Ma Mustapha apre gli occhi. Il debutto in Terza. «Non nascondo di avere avuto un po’ d’ansia, soprattutto nel primo tempo, poi poco per volta mi sono rilassato. Ho provato la strada del calcio giocato, ma sinceramente non era per me: fra le mie conoscenze, Barrow del Bologna, un ragazzo che si è fatto apprezzare e rispettare in serie A». La scelta dell’arbitraggio. «Riconosco questa passione sbocciata in un lampo, a Massimo Manzolillo, della sezione di Sala Consilina. Poco prima del lockdown decisi di seguire online un corso per arbitri, superandolo a pieni voti».

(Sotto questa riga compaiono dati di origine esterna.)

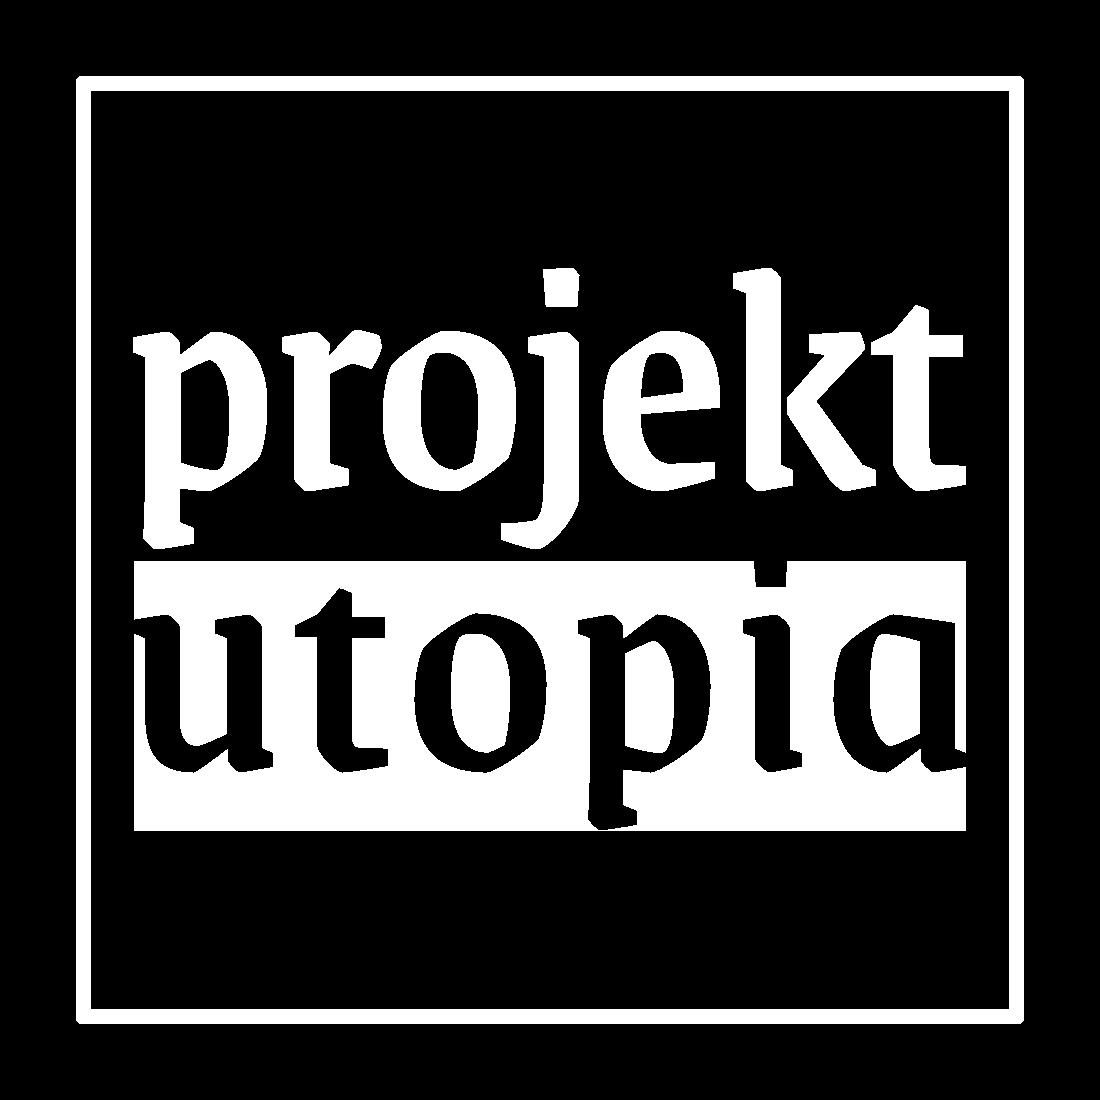 Projekt Utopia

Un desiderio che ha coltivato fino a qualche settimana fa. «Avrei voluto conoscere Koulibaly, anche se non dispero: è andato al Chelsea, magari lo incontro in Champion’s o in Coppa d’Africa. Due sogni: arbitrare Napoli-Juventus e la finale di Coppa d’Africa. C’è una cosa che ho imparato in Italia: sognare non costa niente. Coronare questo sogno, tornare da direttore di gara nel mio Continente, riabbracciare i miei cari e i miei amici che mi potrebbero rivedere non in veste di calciatore, ma da arbitro, il direttore di gara che fa rispettare le regole. Ecco, questa è una cosa che mi ha fatto subito innamorare dell’Italia: il rispetto delle regole, nel campo di calcio e nella vita. Comportati bene e sarai rispettato, come lavoratore e come arbitro».